Yang Haoran is also endeavoring to keep his focus on shooting.

With Yang Qian becoming something of a social media celebrity since the Olympics, the 25-year-old Yang Haoran has purposely reduced his time in the media spotlight. He joked with his shooting partner in front of the TV cameras: "You are a big star now, I need to keep my distance from you. You should stop talking to me, because I don't want to stand between you and your fans, who want to have photos with you."

Yang Qian hails from Zhejiang province, and Yang Haoran is from Hebei, but the two formed a united team in Xi'an to win gold at the National Games.

Silver went to Zhejiang youngsters Wang Zhilin and Wang Yuefeng, who were making their National Games debuts.

Zhejiang team coach Ge Hongzhuan declared himself pleased with the performance of his squad and spoke of his pride in Yang Qian's achievements.
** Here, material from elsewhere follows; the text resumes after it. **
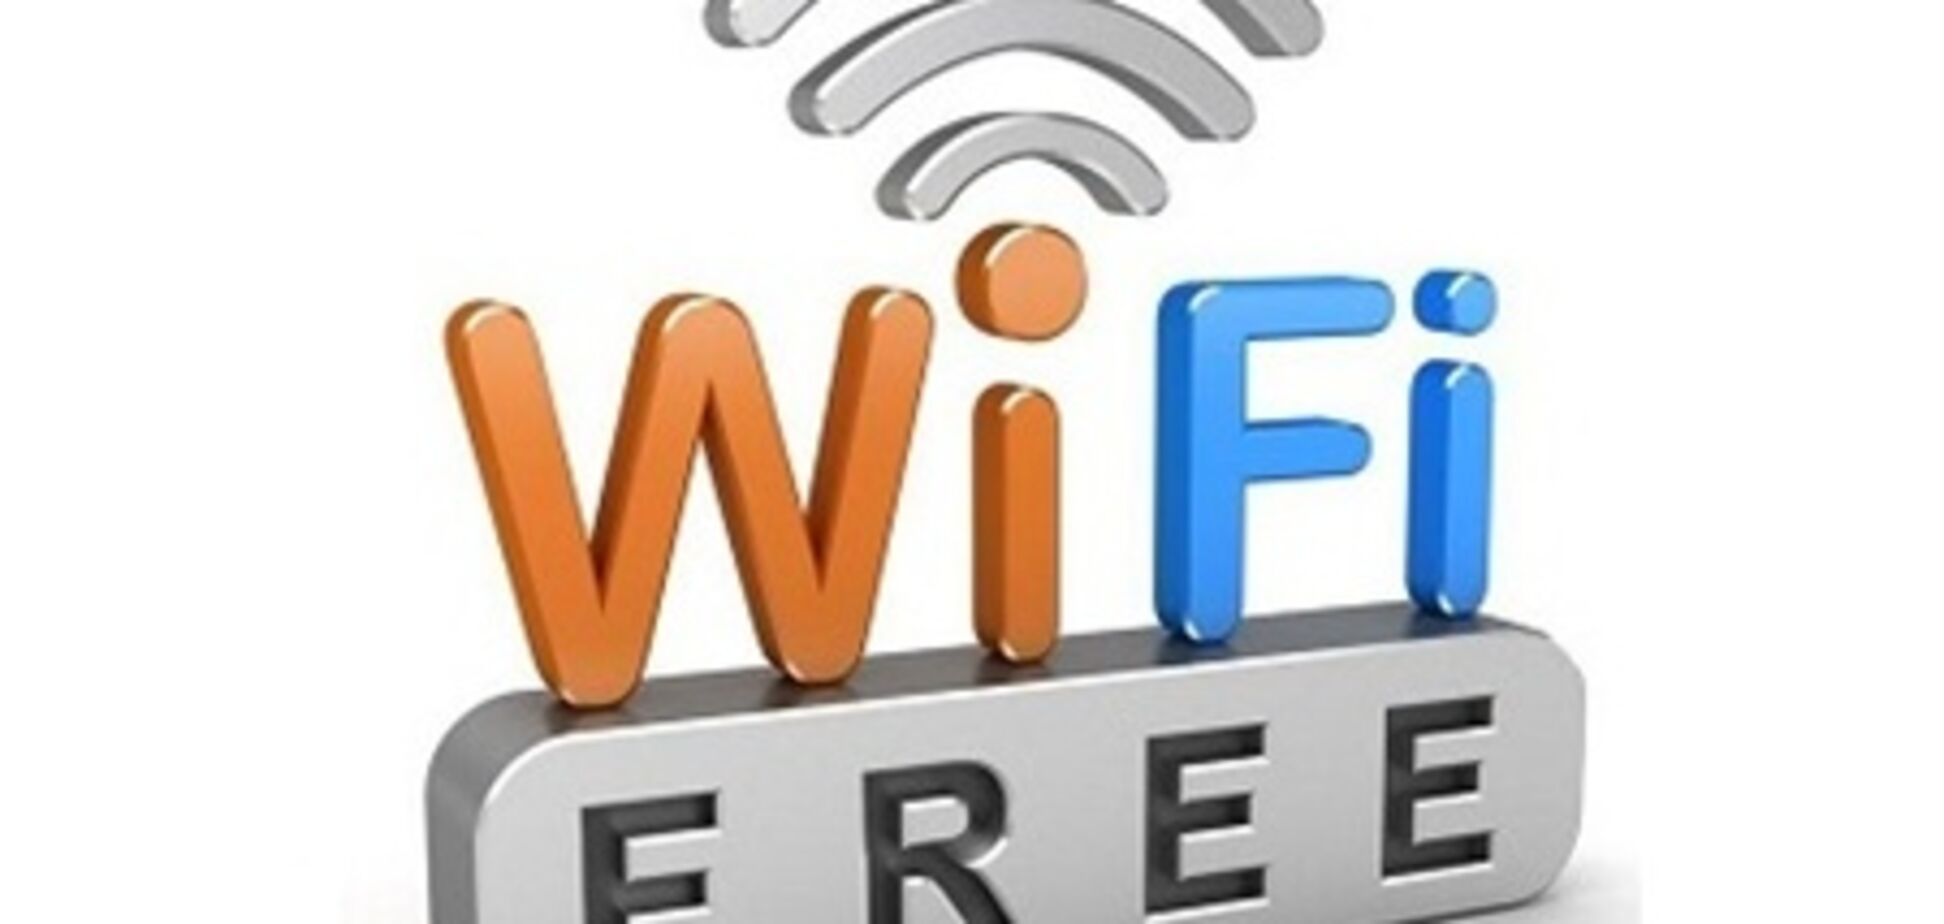 С 2013 года курорты Крыма предложат бесплатный Wi-Fi

"The selection of the shooters for the mixed team competition was the decision of our team after many discussions. The performance of the Zhejiang team's shooters has generally been great. They have displayed their potential and carried out the team's tactics," said Ge.
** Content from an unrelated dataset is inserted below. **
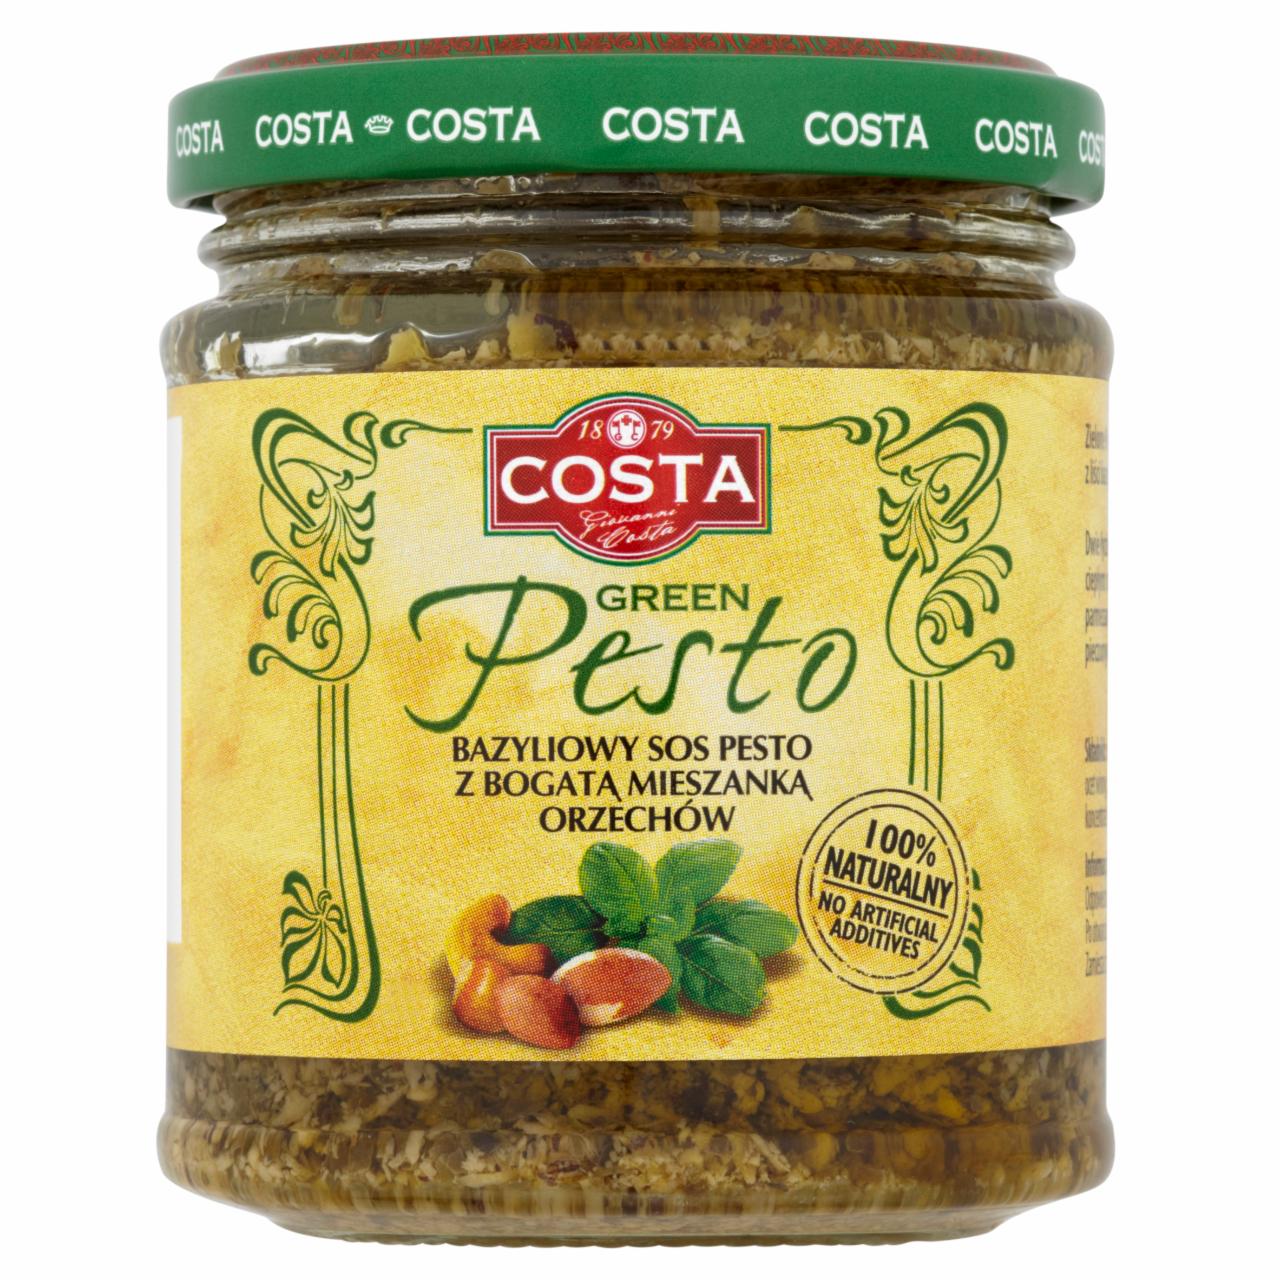 Zdjęcia - Costa Green Pesto Bazyliowy sos pesto z bogatą mieszanką orzechów 165 g

"As for Yang Qian, she has continued to produce the outstanding performance levels that she managed in Tokyo."

China's Olympic diving champions have also been maintaining their high standards in Xi'an.

The three-way tussle in the women's 10m platform event was dubbed "Battle of the diving queens" on Chinese social media, with the competition between Quan Hongchan, Zhang Jiaqi and Chen Yuxi even more intense than in Tokyo.

"I was still very nervous, and I was afraid I would make mistakes," said 14-year-old Quan after again emerging the victor.

"The National Games is so intense. I was trailing them initially but I just told myself to win back the points.

"So before the last jump, I stood on the platform telling myself to show my average level and not make a mistake. The moment I touched the water surface, I knew the dive was good enough."

Quan admitted that her sudden rise to fame after the Olympics has been difficult to process.

"I actually don't want this much attention from the public," said the teenager. "I'm a little perturbed by it all. I always feel if I don't perform so well, then they won't like me anymore. I feel it's a must that I have perfect performances."

The 15-year-old Chen was the leader before the last two jumps, and admitted the pressure got to her.

"My recent training in certain moves was not that ideal. My body is growing, but my overall competitiveness in the sport is reducing. I was too nervous before my last jump. It's a real pity," said Chen.